We see a string of versions posted, some with significant updates to
the text, but *no* corresponding mailing list discussion. Nothing at
all.
There are v6ops wg documents that have arrived in the IESG queue with
more than 1000 messages associated with them... I'm not sure that is
indicative of any entirely healthy wg mailing list process but it does
leave behind a lot of evidence.
even if all these things were healthy it seems like the actual outcomes
would be wildly divergent given varying levels of interest.
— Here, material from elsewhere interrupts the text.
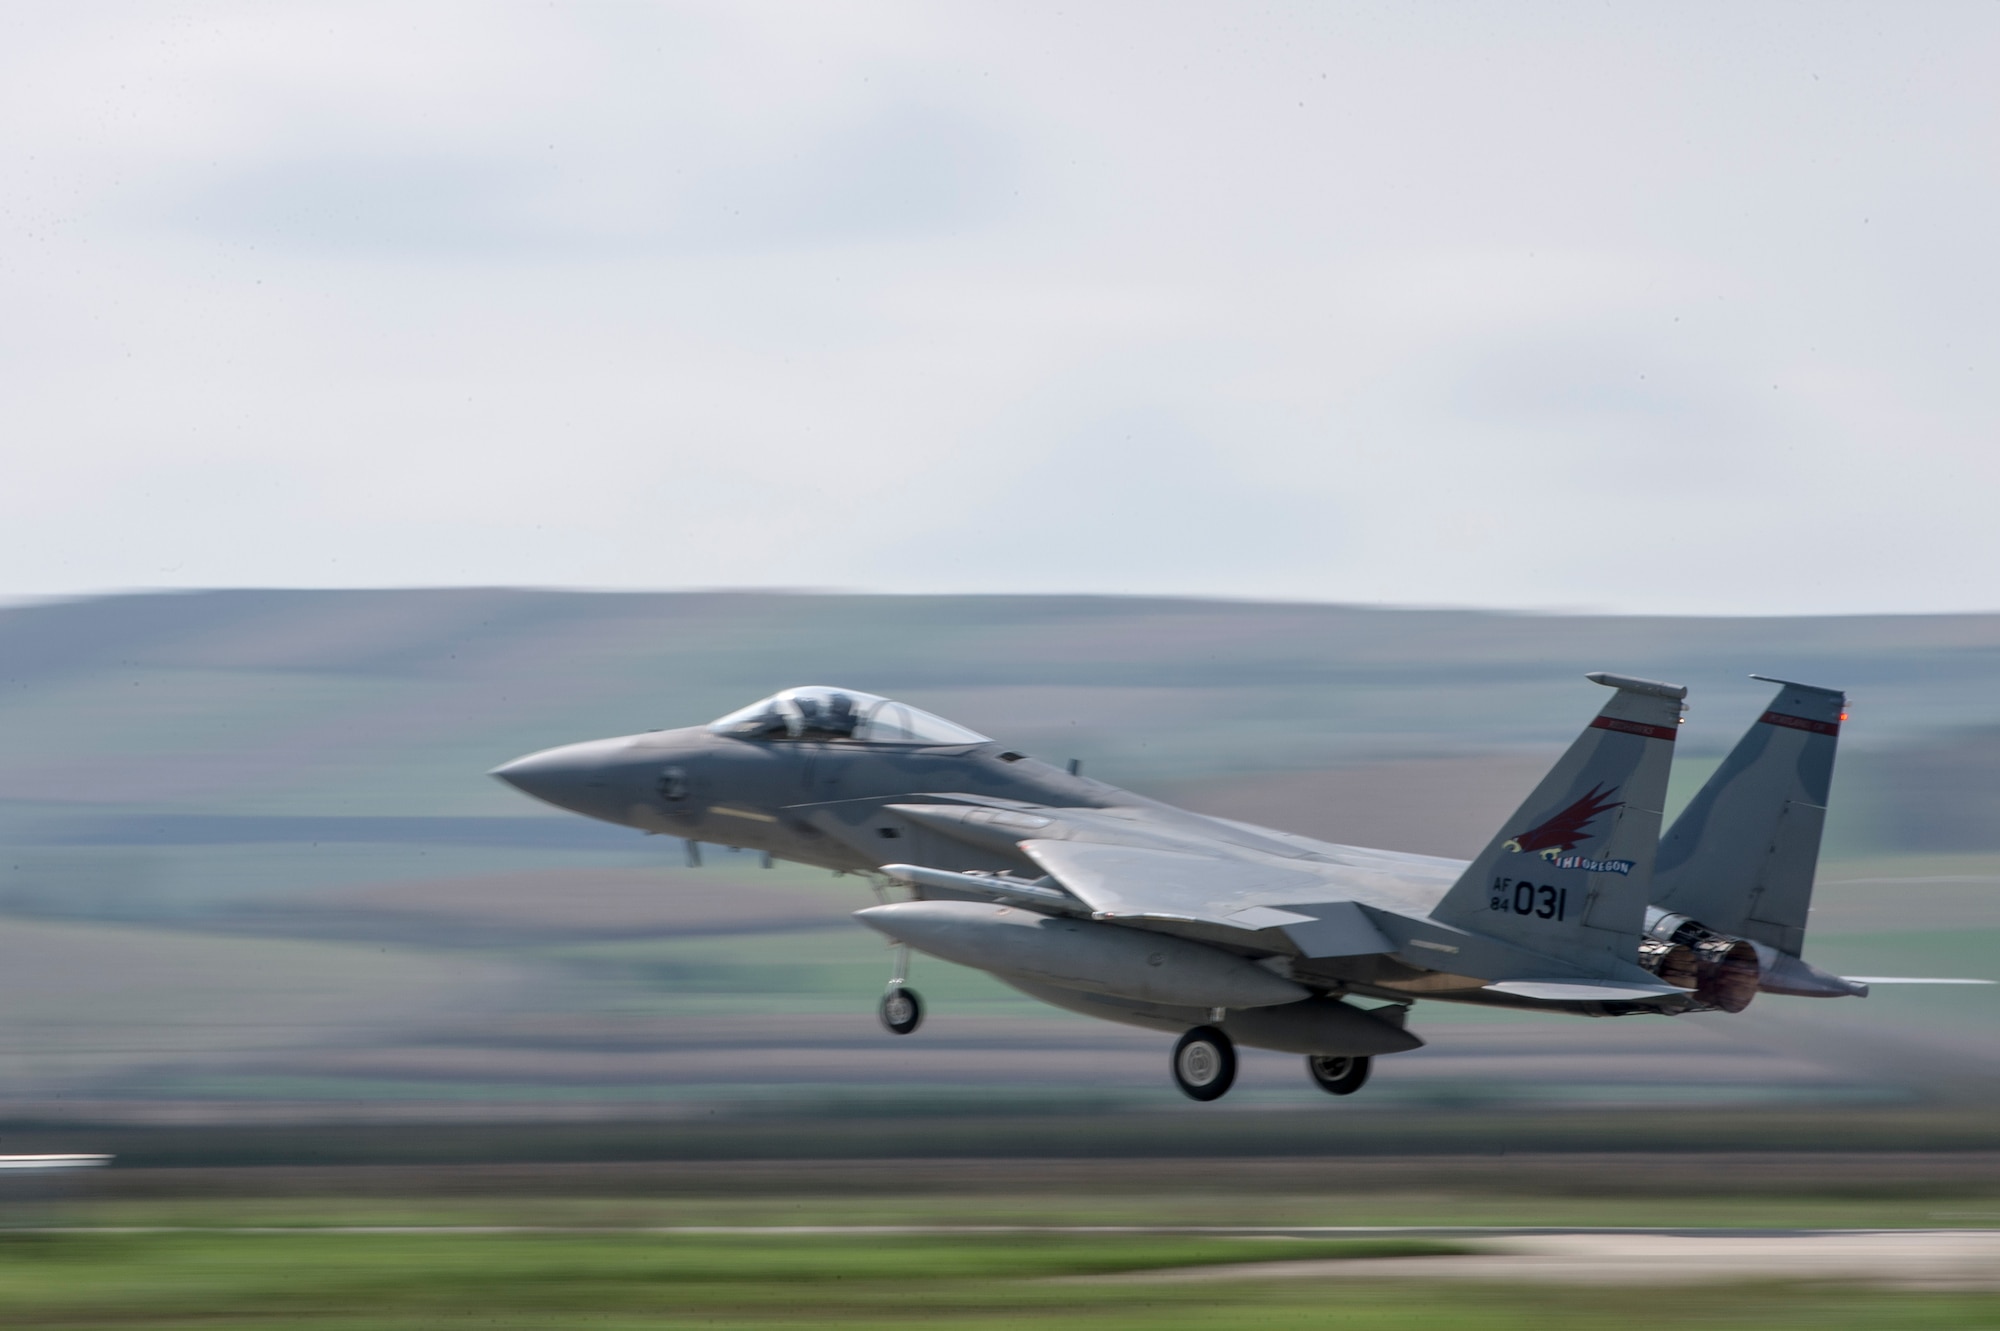 An F-15C Eagle fighter aircraft assigned to the 123rd Expeditionary Fighter Squadron, 142nd Fighter Wing, Oregon Air National Guard, takes off from the runway during a theater security package deployment Sept. 25, 2015, at Campia Turzii, Romania. The first TSP concludes with the departure of the 123rd EFS but a constant presence remains in Europe with the arrival of U.S. Air Force A-10C Thunderbolt IIs attack aircraft from the 74th Expeditionary Fighter Squadron, 23rd Wing at Moody Air Force Base, Ga. (U.S. Air Force photo by Staff Sgt. Christopher Ruano/Released)

The first we see of the document on the mailing list is a
working group last call message, which gets somewhere between zero and
two responses (which say "It's ready."), and then it's sent to the
responsible AD requesting publication.
When I ask the responsible AD or the document shepherd about that, the
response is that, well, no one commented on the list, but it was
discussed in the face-to-face meetings. A look in the minutes of a
few meetings shows that it was discussed, but, of course, the minutes
show little or none of the discussion.
We accept that, and we review the document as usual, accepting the
document shepherd's writeup that says that the document has "broad
consensus of the working group."
So here's my question:
Does the community want us to push back on those situations? Does the
community believe that the real IETF work is done on the mailing
lists, and not in the face-to-face meetings, to the extent that the
community would want the IESG to refuse to publish documents whose
process went as I've described above, on the basis that IETF process
was not properly followed?
I realize that this question is going to elicit some vehemence.